Additionally, the Personal Data Protection Authority has signed a protocol with Istanbul Technical University's AI and Data Science Application and Research Centre to conduct research into data protection, privacy and data security in AI practice.
Turkey has no dedicated cybersecurity legislation, but legislative bodies and regulatory authorities are currently working towards the establishment of a cybersecurity environment and legislation in this regard is under development. Accordingly, the provisions on cybersecurity are not set out in a single legislative instrument, but can rather be found scattered through separate sector-specific regulations.
The recently enacted Presidential Circular 2019/12 on Information and Communication Security Measures sets out extensive obligations that mainly apply to public bodies with respect to cybersecurity. In addition, the Communiqué on Procedures and Principles on the Establishment, Duties and Practices of Cyber Incident Response Centres 2013 sets out the obligations of cyber incident response centres to report and notify all cybersecurity breaches to the competent regulatory authorities as soon as the cyber breach occurs or the cyber threat is discovered.
In addition, criminal offences in the field of informatics are set out in the following provisions of the Criminal Code:
In 2017, the minister of transport, maritime affairs and communications announced the completion of work on the draft Cybersecurity Law, which will be a binding framework regulation for cybersecurity. While the private sector has welcomed this initiative, the regulation still has not been enacted by the legislature.
In terms of the development and uptake of AI, one critical issue to address is the possible detrimental effect of pricing algorithms on competition, in particular by facilitating collusive practices. Moreover, as in tort law, the determination of antitrust liability arising from the use of algorithms becomes harder, as emerging technological advancements are weakening the link between the algorithm and the human beings who use it; although most of the algorithms used today still operate under the instructions of humans and humans can thus be held responsible for anti-competitive behaviour.

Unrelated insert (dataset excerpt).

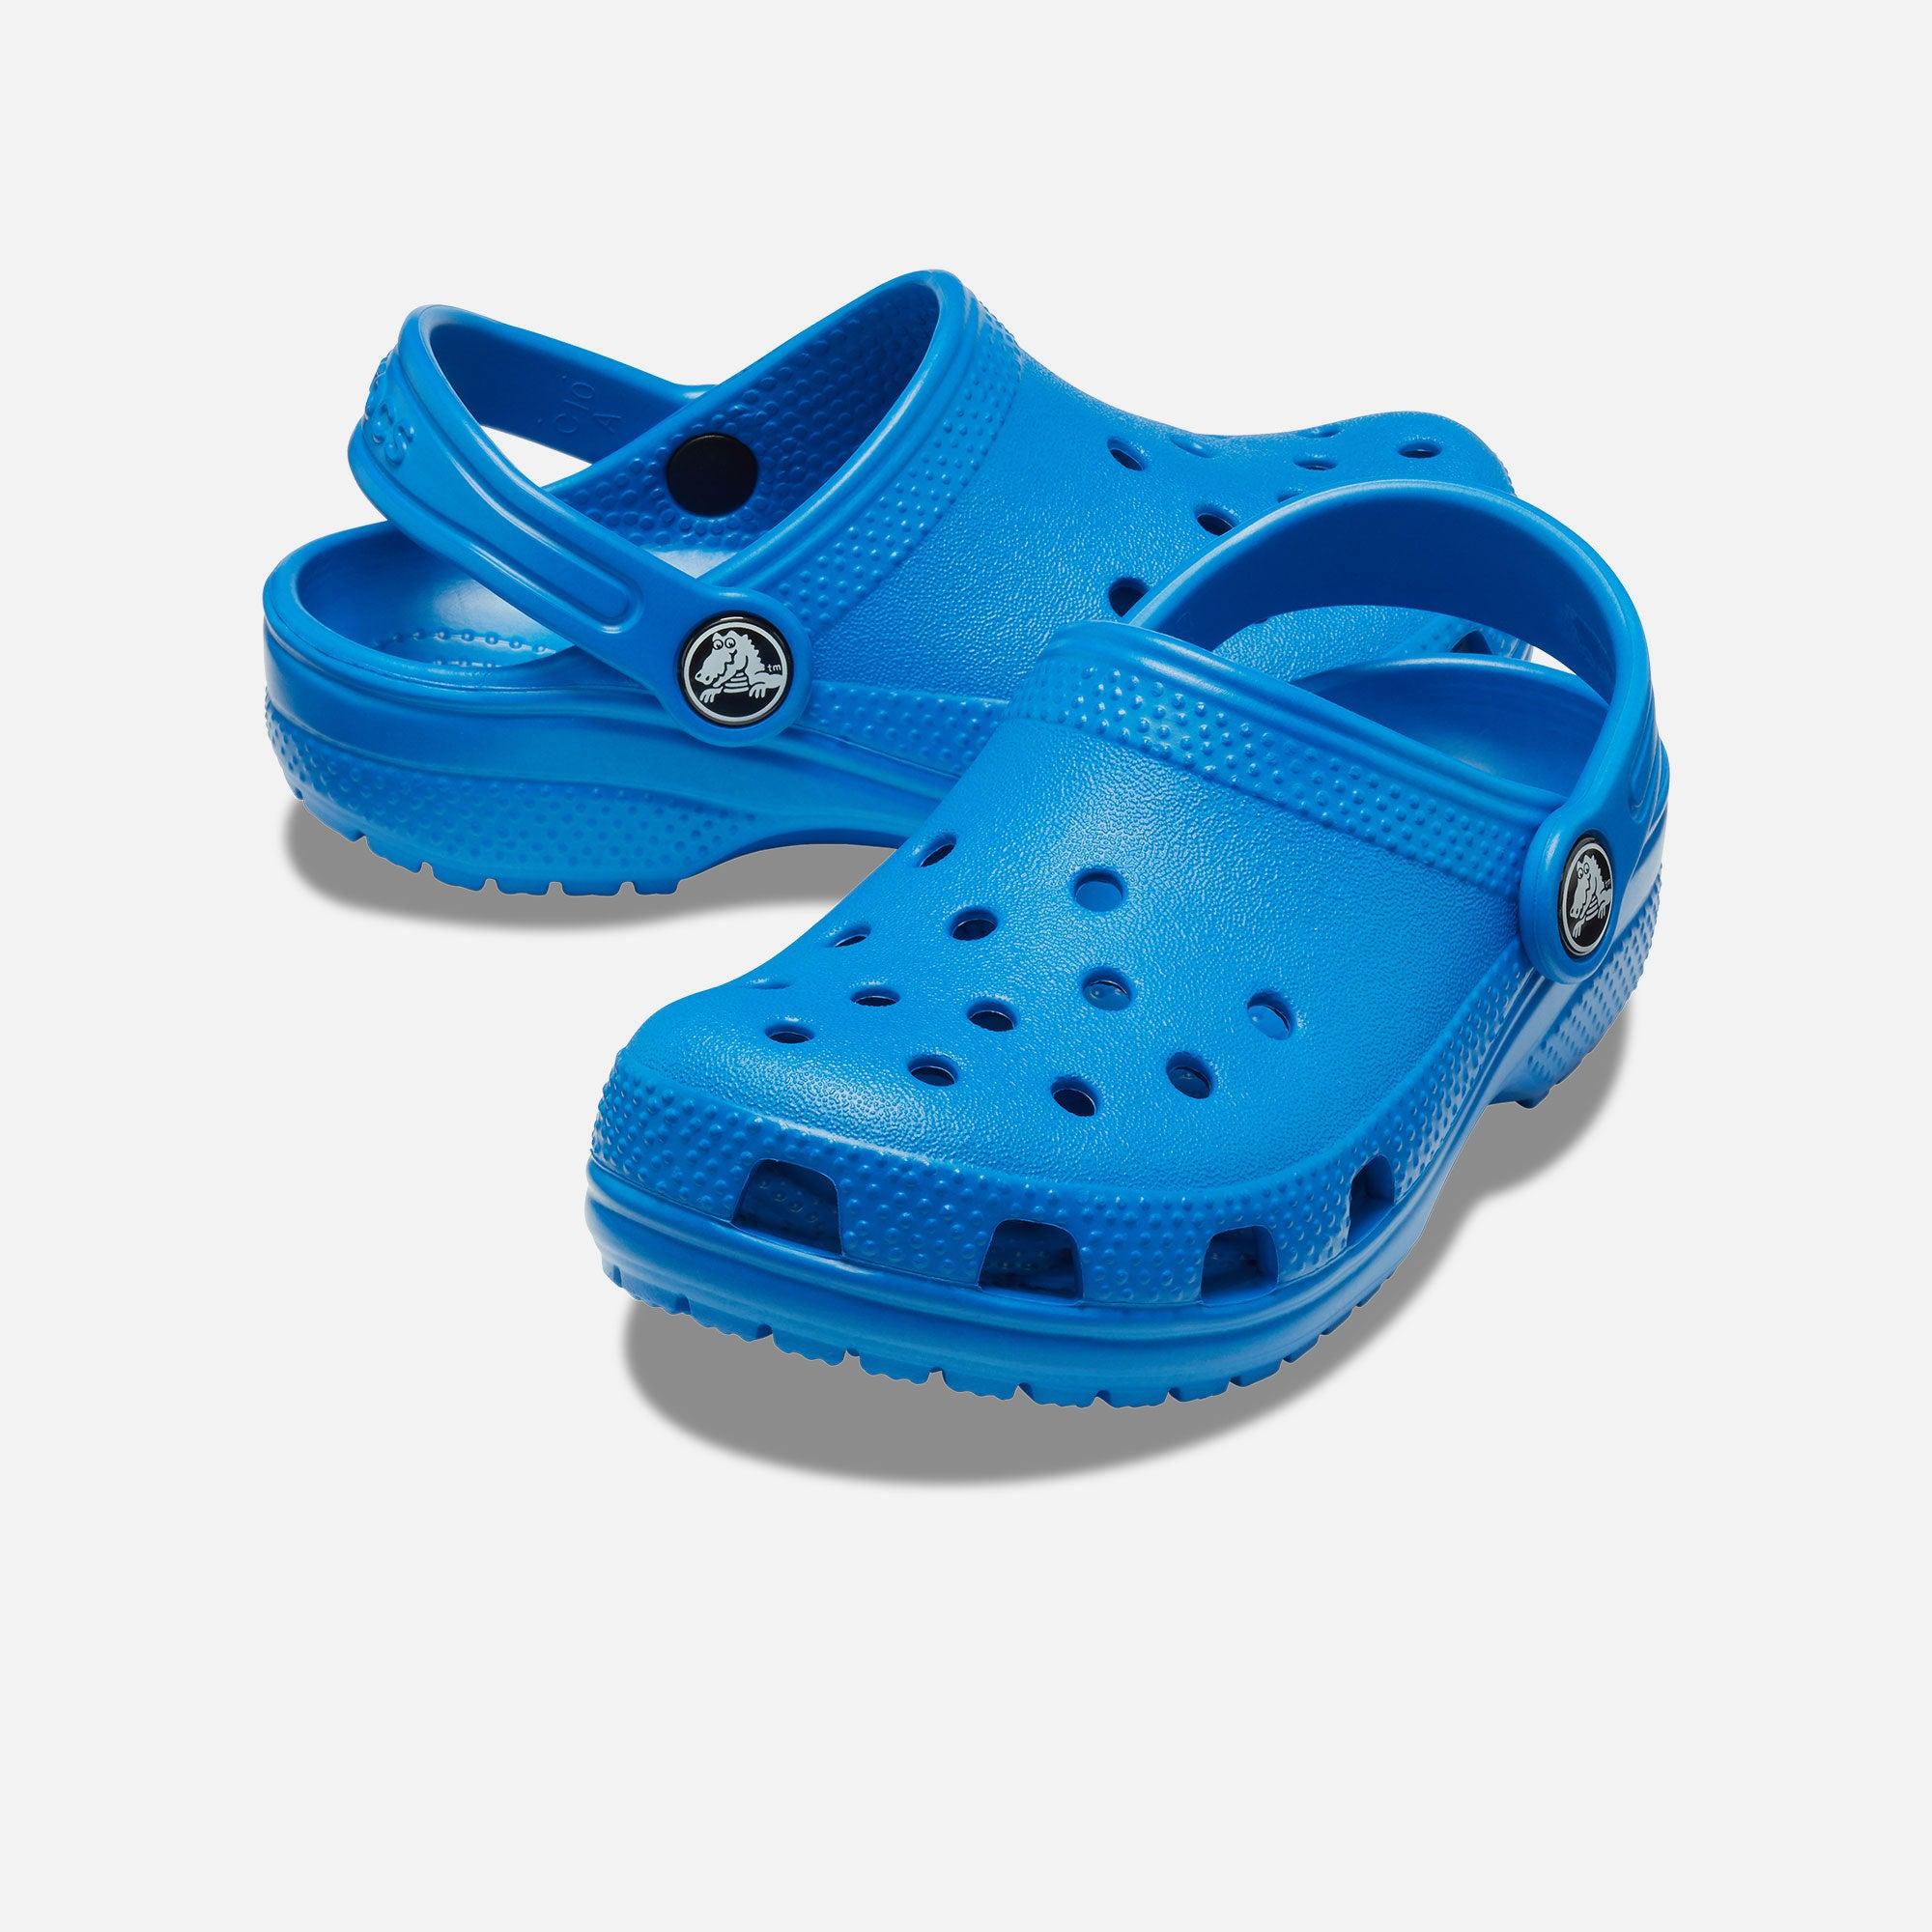 Giày nhựa thời trang trẻ em Crocs Classic - 206991-4JL

The Turkish Competition Authority (TCA) has not yet published any studies on the effects of algorithms on competition or on the digital economy more generally, and no cases thus far have investigated algorithmic commercial behaviour. Nonetheless, TCA officials have shared their attitudes on regulation and enforcement in this space with the press and the public. Given that prices can be automatically altered by algorithms developed by undertakings that can access huge amounts of data which are not available in the physical markets, TCA officials have expressed concern that small adjustments to algorithms could result in significant changes to the competitive order of the market and have stated that the TCA can address these issues using its traditional enforcement methods. In this regard, while the TCA has not specifically focused on the AI systems used, it has initiated a comprehensive study of digital markets, which is expected to examine AI-related issues relating to competitive behaviour. The TCA is also tracking emerging trends in competition enforcement around the world, including in the work of the Organisation for Economic Co-operation and Development, EU bodies and the national authorities of member states; and is prepared to respond to any sudden policy or legislative shift in relation to the digital economy.